- **TASK DIRECTIONS**
Under this line are records; the part from the line containing "恐龙 揭开史前世界巨大动物的奥秘 17" through the line containing "Ferrari Kugelschreiber und" should be repeated exactly. Please exclude pictures.
(RECORDED INFORMATION begins)
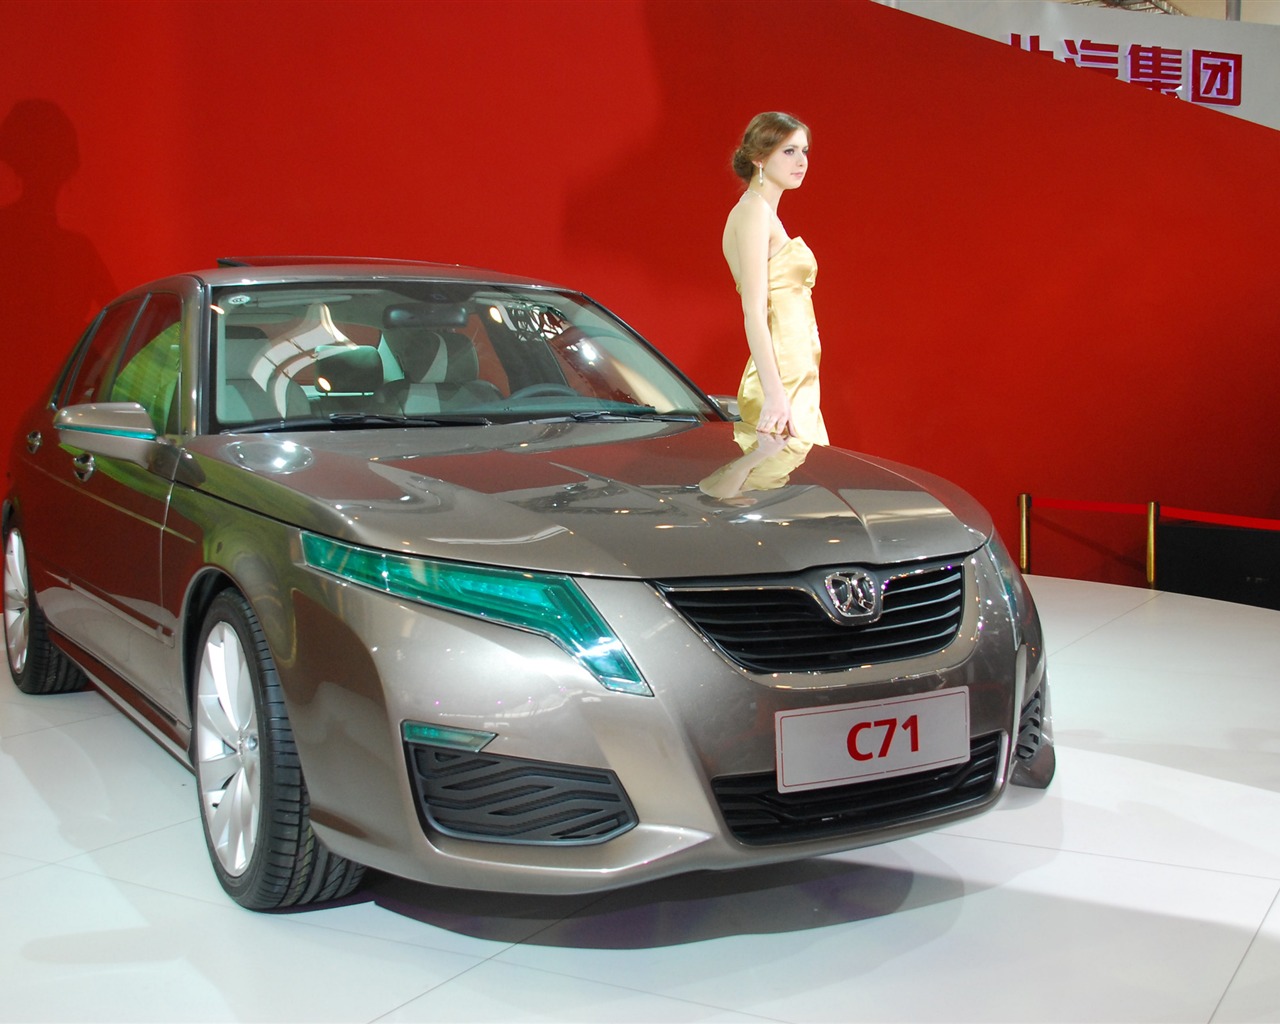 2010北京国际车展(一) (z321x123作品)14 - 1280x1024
(RECORDED INFORMATION ends)
(RECORDED INFORMATION begins)
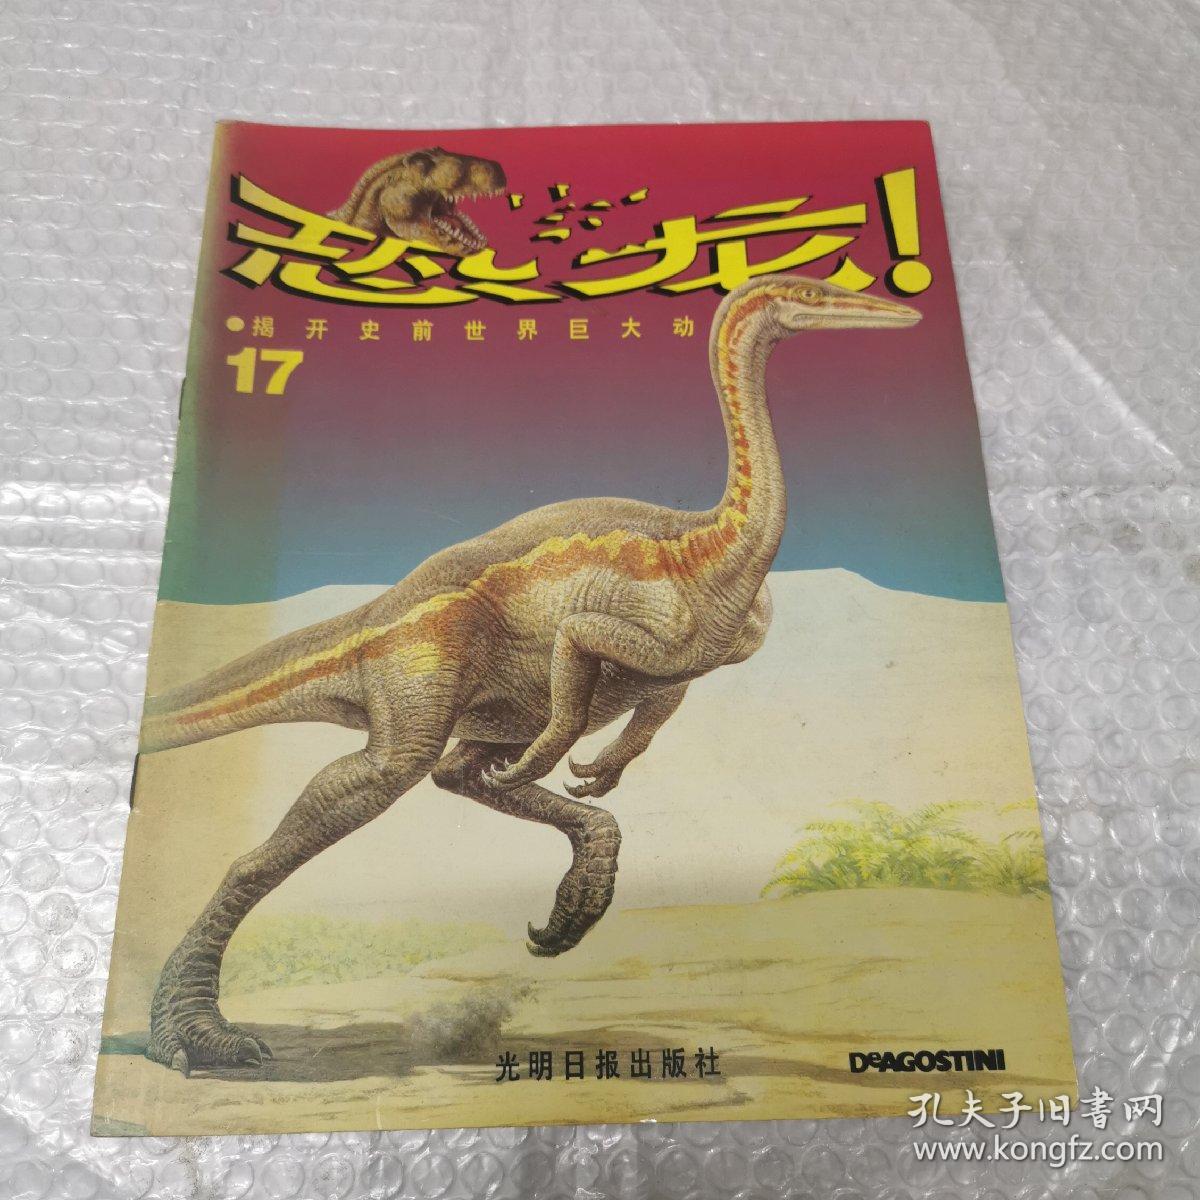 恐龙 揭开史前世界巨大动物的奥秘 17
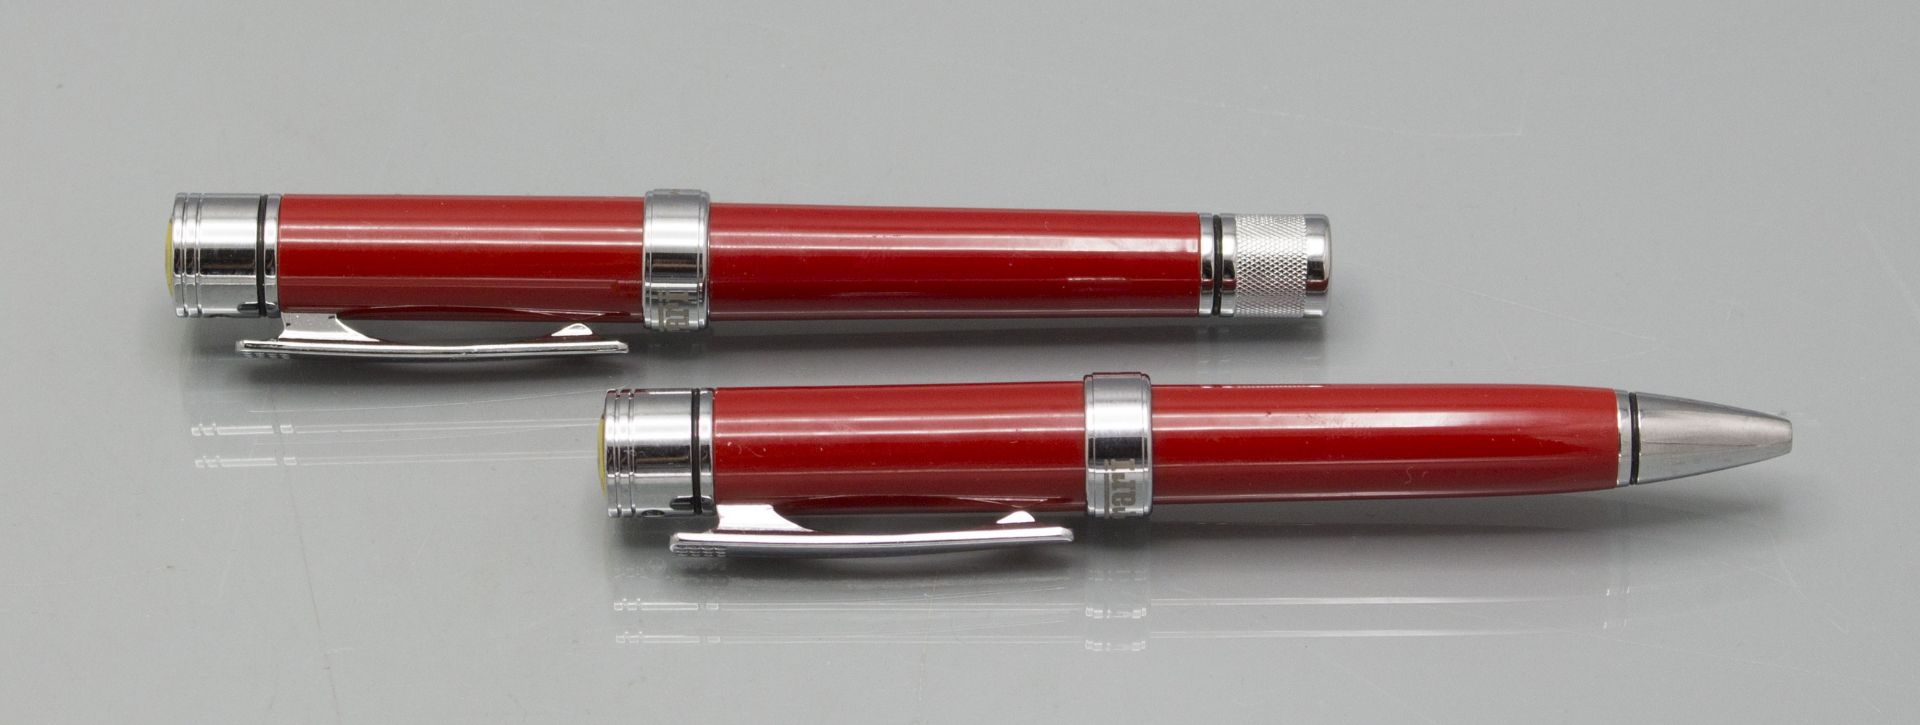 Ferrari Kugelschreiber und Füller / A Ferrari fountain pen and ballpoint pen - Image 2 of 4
(RECORDED INFORMATION ends)
(RECORDED INFORMATION begins)
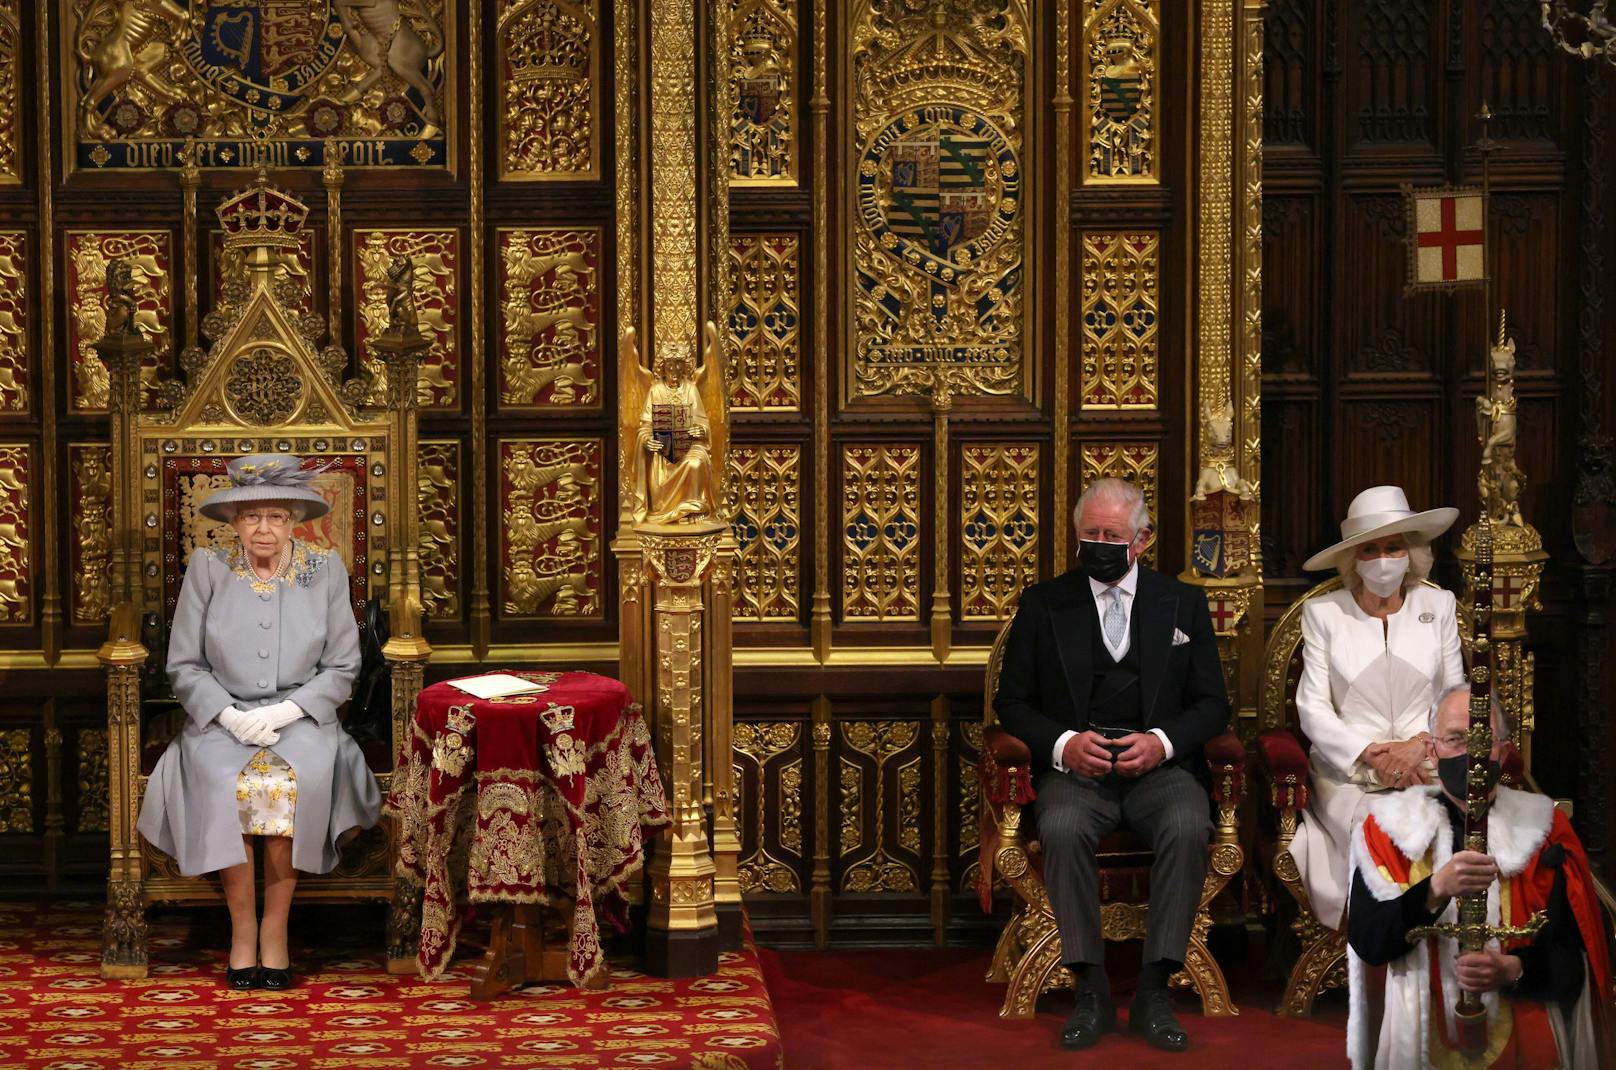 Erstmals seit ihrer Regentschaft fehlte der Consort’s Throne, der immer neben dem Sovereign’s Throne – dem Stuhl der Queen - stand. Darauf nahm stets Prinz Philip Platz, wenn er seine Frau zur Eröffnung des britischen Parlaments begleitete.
(RECORDED INFORMATION ends)
- **EXERCISE RESULT**
 恐龙 揭开史前世界巨大动物的奥秘 17
 Ferrari Kugelschreiber und Füller / A Ferrari fountain pen and ballpoint pen - Image 2 of 4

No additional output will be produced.